# THE DATA

-------------------------

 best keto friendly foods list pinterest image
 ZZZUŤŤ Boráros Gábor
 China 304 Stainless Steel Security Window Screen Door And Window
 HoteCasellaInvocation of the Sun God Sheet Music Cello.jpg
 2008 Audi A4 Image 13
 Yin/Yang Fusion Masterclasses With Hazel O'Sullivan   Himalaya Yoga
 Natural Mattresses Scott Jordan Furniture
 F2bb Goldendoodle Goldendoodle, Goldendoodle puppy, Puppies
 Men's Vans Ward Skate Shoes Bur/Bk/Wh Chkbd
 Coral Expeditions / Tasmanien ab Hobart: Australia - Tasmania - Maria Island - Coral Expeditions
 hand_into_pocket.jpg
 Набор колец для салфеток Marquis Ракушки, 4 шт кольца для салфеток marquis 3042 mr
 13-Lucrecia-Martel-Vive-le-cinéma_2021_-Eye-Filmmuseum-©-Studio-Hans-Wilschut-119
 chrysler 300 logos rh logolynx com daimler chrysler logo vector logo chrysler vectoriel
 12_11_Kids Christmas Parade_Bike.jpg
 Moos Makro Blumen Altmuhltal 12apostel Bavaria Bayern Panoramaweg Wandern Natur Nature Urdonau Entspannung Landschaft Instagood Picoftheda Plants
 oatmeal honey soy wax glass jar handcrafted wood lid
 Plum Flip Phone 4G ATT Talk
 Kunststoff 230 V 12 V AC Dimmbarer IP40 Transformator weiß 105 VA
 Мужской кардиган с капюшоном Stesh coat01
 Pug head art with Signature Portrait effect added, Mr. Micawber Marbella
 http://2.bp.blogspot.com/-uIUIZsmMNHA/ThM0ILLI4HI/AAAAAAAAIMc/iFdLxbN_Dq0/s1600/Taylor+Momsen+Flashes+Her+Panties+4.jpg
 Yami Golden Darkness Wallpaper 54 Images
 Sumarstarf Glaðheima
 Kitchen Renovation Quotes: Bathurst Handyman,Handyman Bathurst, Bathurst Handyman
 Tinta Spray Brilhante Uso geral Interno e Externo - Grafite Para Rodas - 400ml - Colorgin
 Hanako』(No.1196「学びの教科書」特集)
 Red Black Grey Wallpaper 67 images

-------------------------

# AIM OF THE EXERCISE
Starting at the top of the data above, repeat every line exactly until the line containing "Sumarstarf Glaðheima" has been given, then stop.

# TASK SOLUTION
 best keto friendly foods list pinterest image
 ZZZUŤŤ Boráros Gábor
 China 304 Stainless Steel Security Window Screen Door And Window
 HoteCasellaInvocation of the Sun God Sheet Music Cello.jpg
 2008 Audi A4 Image 13
 Yin/Yang Fusion Masterclasses With Hazel O'Sullivan   Himalaya Yoga
 Natural Mattresses Scott Jordan Furniture
 F2bb Goldendoodle Goldendoodle, Goldendoodle puppy, Puppies
 Men's Vans Ward Skate Shoes Bur/Bk/Wh Chkbd
 Coral Expeditions / Tasmanien ab Hobart: Australia - Tasmania - Maria Island - Coral Expeditions
 hand_into_pocket.jpg
 Набор колец для салфеток Marquis Ракушки, 4 шт кольца для салфеток marquis 3042 mr
 13-Lucrecia-Martel-Vive-le-cinéma_2021_-Eye-Filmmuseum-©-Studio-Hans-Wilschut-119
 chrysler 300 logos rh logolynx com daimler chrysler logo vector logo chrysler vectoriel
 12_11_Kids Christmas Parade_Bike.jpg
 Moos Makro Blumen Altmuhltal 12apostel Bavaria Bayern Panoramaweg Wandern Natur Nature Urdonau Entspannung Landschaft Instagood Picoftheda Plants
 oatmeal honey soy wax glass jar handcrafted wood lid
 Plum Flip Phone 4G ATT Talk
 Kunststoff 230 V 12 V AC Dimmbarer IP40 Transformator weiß 105 VA
 Мужской кардиган с капюшоном Stesh coat01
 Pug head art with Signature Portrait effect added, Mr. Micawber Marbella
 http://2.bp.blogspot.com/-uIUIZsmMNHA/ThM0ILLI4HI/AAAAAAAAIMc/iFdLxbN_Dq0/s1600/Taylor+Momsen+Flashes+Her+Panties+4.jpg
 Yami Golden Darkness Wallpaper 54 Images
 Sumarstarf Glaðheima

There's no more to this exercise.